Business & Economy

US facing June 5 deadline to avoid default

Washington, May 26 (EFE).- The United States government will begin defaulting on some financial obligations if Congress does not resolve the impasse over the debt ceiling by June 5, Treasury Secretary Janet Yellen said Friday in a letter to House Speaker Kevin McCarthy and other legislative leaders.

“Based on the most recent available data, we now estimate that Treasury will have insufficient resources to satisfy the government’s obligations if Congress has not raised or suspended the debt limit by June 5,” she wrote.

Yellen had warned previously that the US could default as early as June 1 if debt-ceiling negotiations between the administration of Democratic President Joe Biden and the Republican-controlled House of Representatives failed to produce agreement.

“We will make more than $130 billion of scheduled payments in the first two days of June, including payments to veterans and Social Security and Medicare recipients.

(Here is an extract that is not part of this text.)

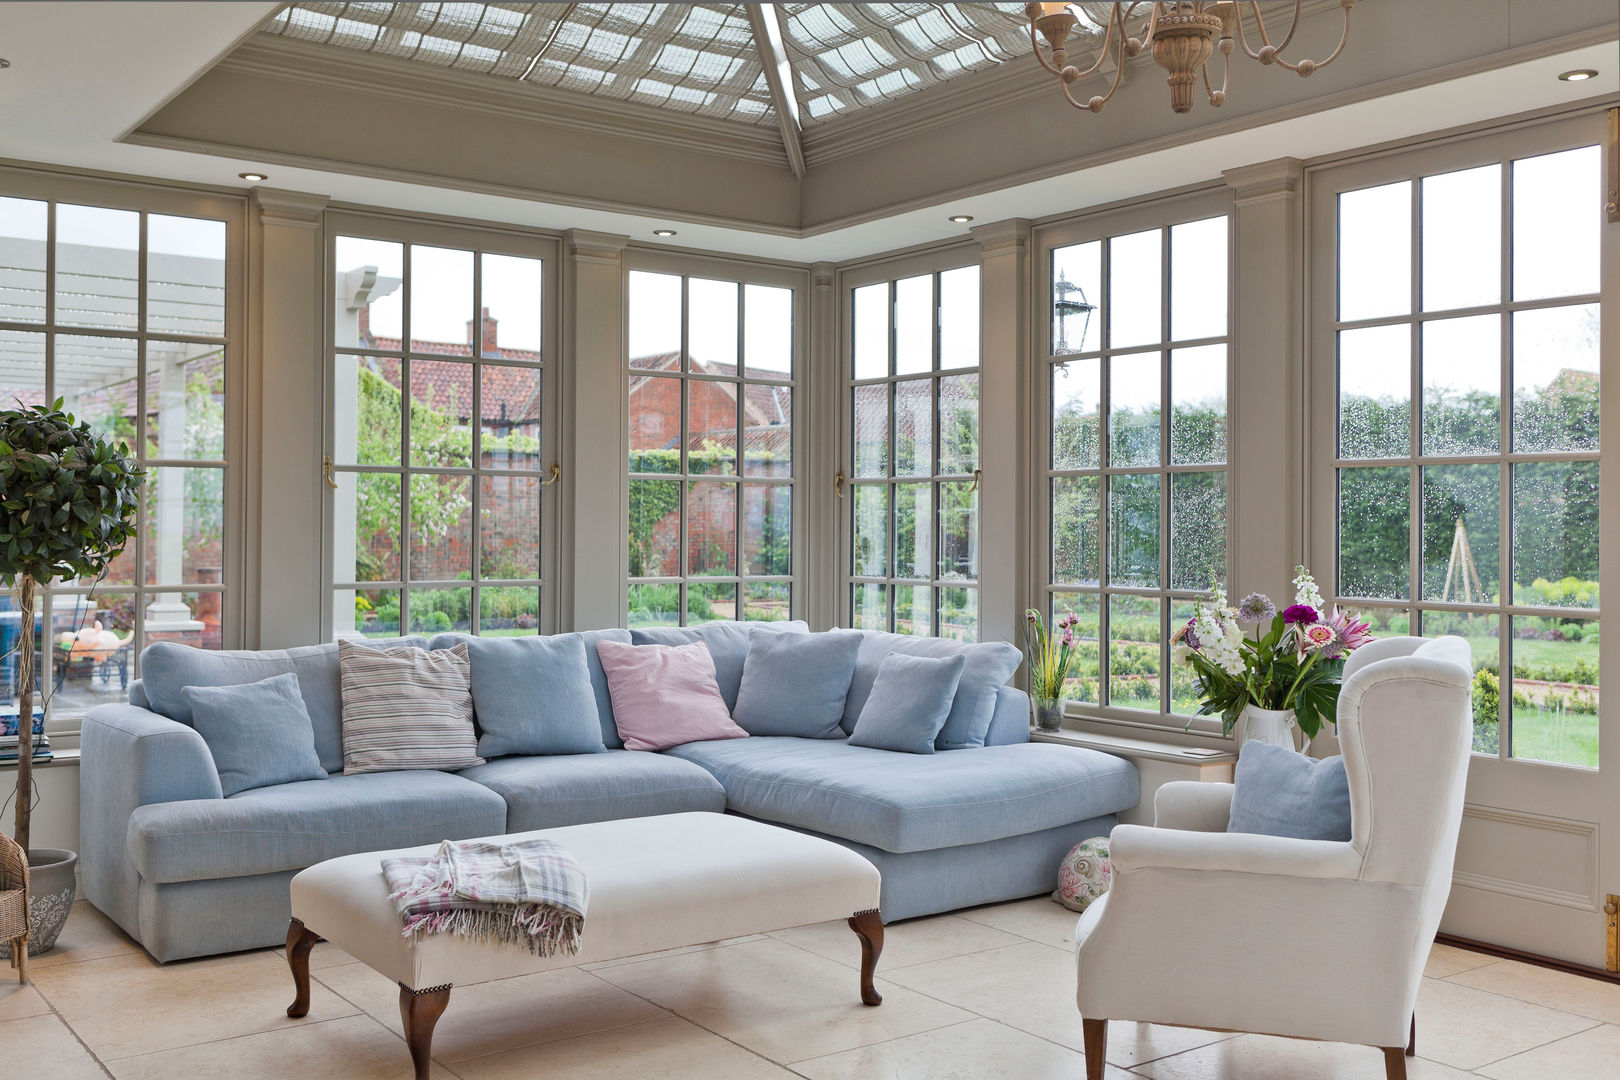 A Living Room Conservatory Vale Garden Houses Classic style conservatory Wood Wood effect

These payments will leave Treasury with an extremely low level of resources,” the secretary informed congressional leaders.

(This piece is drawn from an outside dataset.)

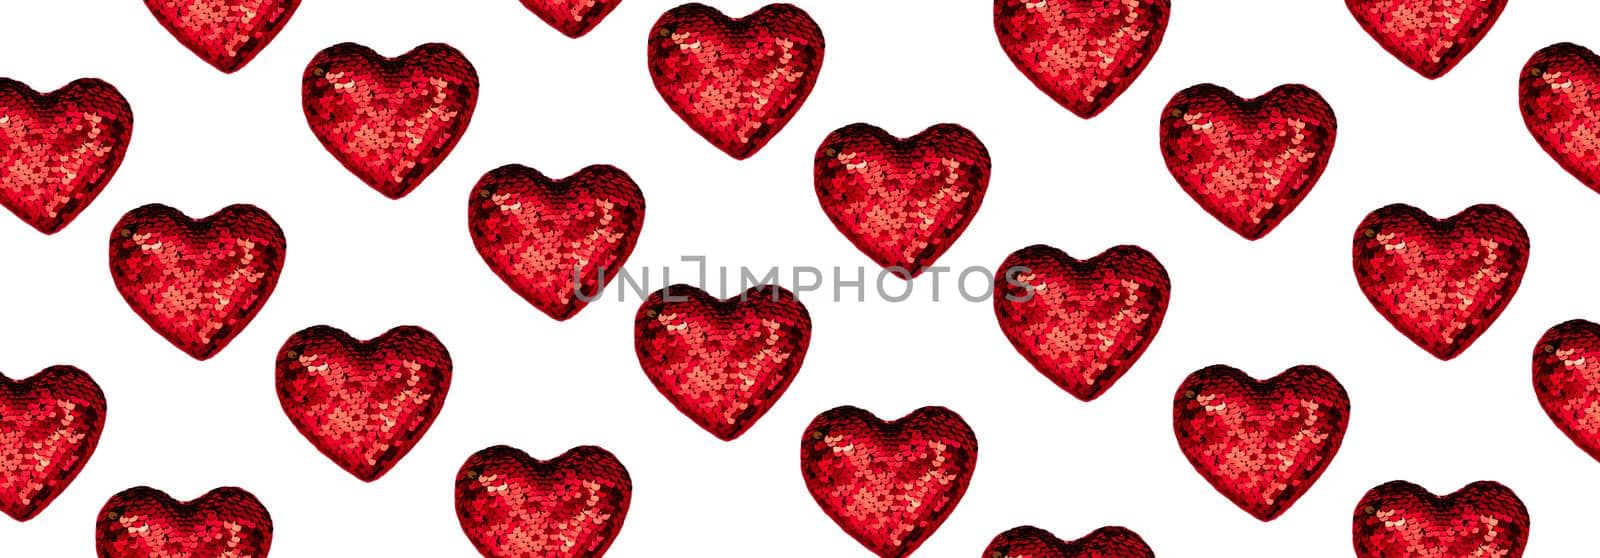 Christmas or Valentines composition made from glowing red heart decoration and glitter on pink surface. Merry christmas and happy 2021 New Year, Happy Valentine concept. Flat lay, top view, banner

Without a resolution of the debt impasse, the Treasury will not have the money to disburse $92 billion in payments and transfers – including Social Security – that are due in the week of June 5, she said.

“We have learned from past debt limit impasses that waiting until the last minute to suspend or increase the debt limit can cause serious harm to business and consumer confidence, raise short-term borrowing costs for taxpayers, and negatively impact the credit rating of the United States,” Yellen wrote.

“If Congress fails to increase the debt limit, it would cause severe hardship to American families, harm our global leadership position, and raise questions about our ability to defend our national security interests,” she said.

Since Jan. 19, when the current statutory debt limit was reached, the Treasury Department has been resorting to what it calls “extraordinary measures” to avoid defaulting on US obligations.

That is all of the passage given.